Fraud examination and forensic accounting programs, a relatively new trend in higher education, transcend traditional accounting courses and prepare students with novel and specialized fraud examination skills. As reported in the September/October 2011 Fraud EDge column, colleges and universities offer more than 50 multi-course programs in the U.S., up from only a handful in 2003.

Anti-fraud courses train students to think critically, while often providing hands-on experiences with seasoned specialists who make a living catching fraudsters. Experiential training and skill acquisition are vital for professionals who want to make a living preventing, deterring and apprehending fraudsters. This column explores the value anti-fraud graduates can bring to business environments and how anti-fraud education can benefit students.

EMPLOYERS' PERSPECTIVES 

Over time, criminals become more creative and challenge auditors' abilities to detect well-concealed fraudulent activities. A professional who lacks anti-fraud training may approve a company's yearly ledgers without looking below the surface. However, a trained fraud examiner can uncover a pattern of illegitimate transactions and a related cover-up. Anti-fraud practitioners take professional skepticism to new levels. Anti-fraud programs develop critical thinking, investigative tenacity and the necessary communication skills to explain complex fraud schemes in simple language to law enforcement, prosecutors, attorneys and jurors.

Nevertheless, many of the more than 60,000 Fraud Magazine readers might ask: "If I hire an entry-level person (albeit trained in anti-fraud methods), instead of an experienced professional, what's the value to my organization?" Let's hear from some of the employers who make these decisions.

Franco Frande is chief of financial investigations for the U.S. Bureau of Alcohol, Tobacco, Firearms and Explosives (ATF) and an executive-in-residence professor at West Virginia University. Some of the benefits he has experienced with new hires who have quality anti-fraud training include:
  
  • Shorter on-the-job learning curves. 
  • Increased confidence on investigative assignments. 
  • Accelerated exposure to more advanced fraud schemes. 
  • Expert testimony skills. 
  • Advanced audit abilities. 
  • More complete data analysis skills. 
  • Networks of other professionals in specialized fields. 
  • Experience in working with professionals from non-accounting fields. 
 
Darryl Neier is a graduate of Utica College's Master of Science Program in economic crime management and a partner in charge at Sobel & Company's Forensic Accounting/Litigation Services Group.

"Our new hires from fraud examination and forensic accounting programs have an idea of our role in investigative engagements and better understand the end game," he says. "Our work could end up in court, so every detail matters; every rock must be turned over and examined.

"While our young people are more likely to start with relatively narrow tasks, such as spreadsheet analysis rather than dealing with clients, the graduates of specialized anti-fraud programs better appreciate our role. We cannot afford to be wrong; the detail must be there," he says.

According to Neier, graduates of anti-fraud programs possess sensitivity for legal issues, rights of individuals and the details of completing a thorough investigation. The knowledge and the experience gained in their programs help them to be more motive, more quickly.
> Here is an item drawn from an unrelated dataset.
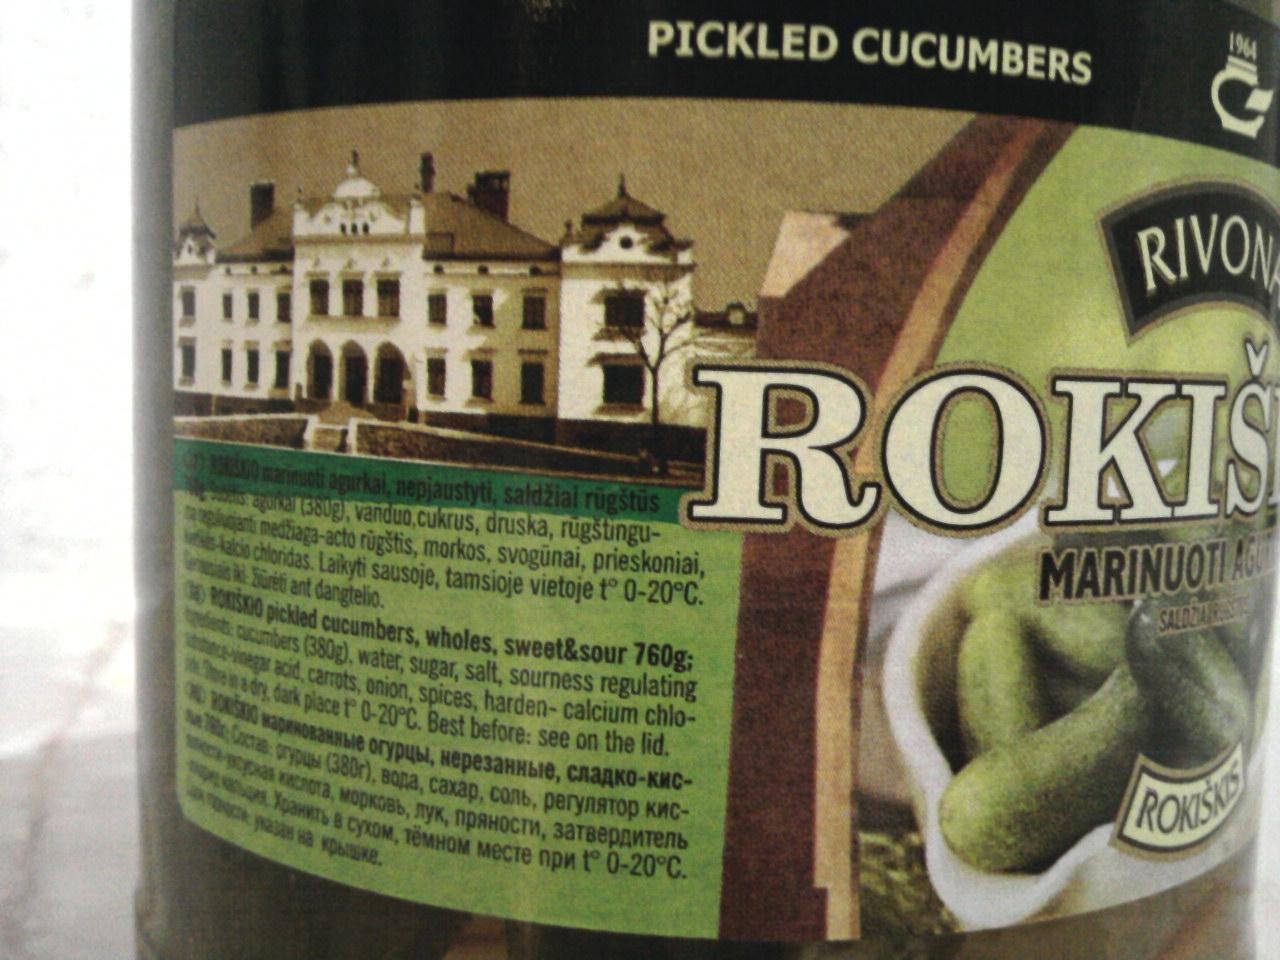 Rivona Rokiškio Marinuoti Agurkai Pickled Cucumbers ingredients side of label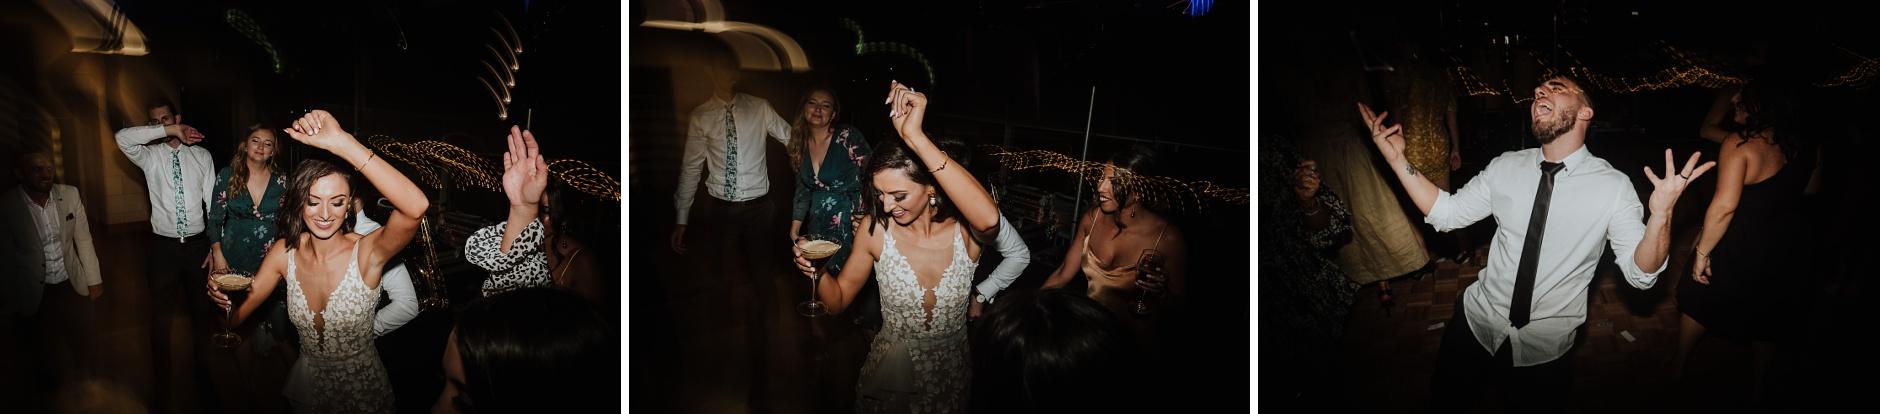 Sydney-Wedding-Photographer_0178.jpg

Hands-on experiences, such as mock trials and crime scene raids (crime scene investigation — financial or CSI-F), are common among the country's top anti-fraud educational programs. This gives future professionals a chance to "be" anti-fraud professionals, even if only in simulated settings. That experience makes all the difference when graduates embark on investigative trails for their employers.

Neier expects his new hires from specialized programs, especially those with little on-the-job experiences, to spend at least a few weeks on traditional audit and tax engagements.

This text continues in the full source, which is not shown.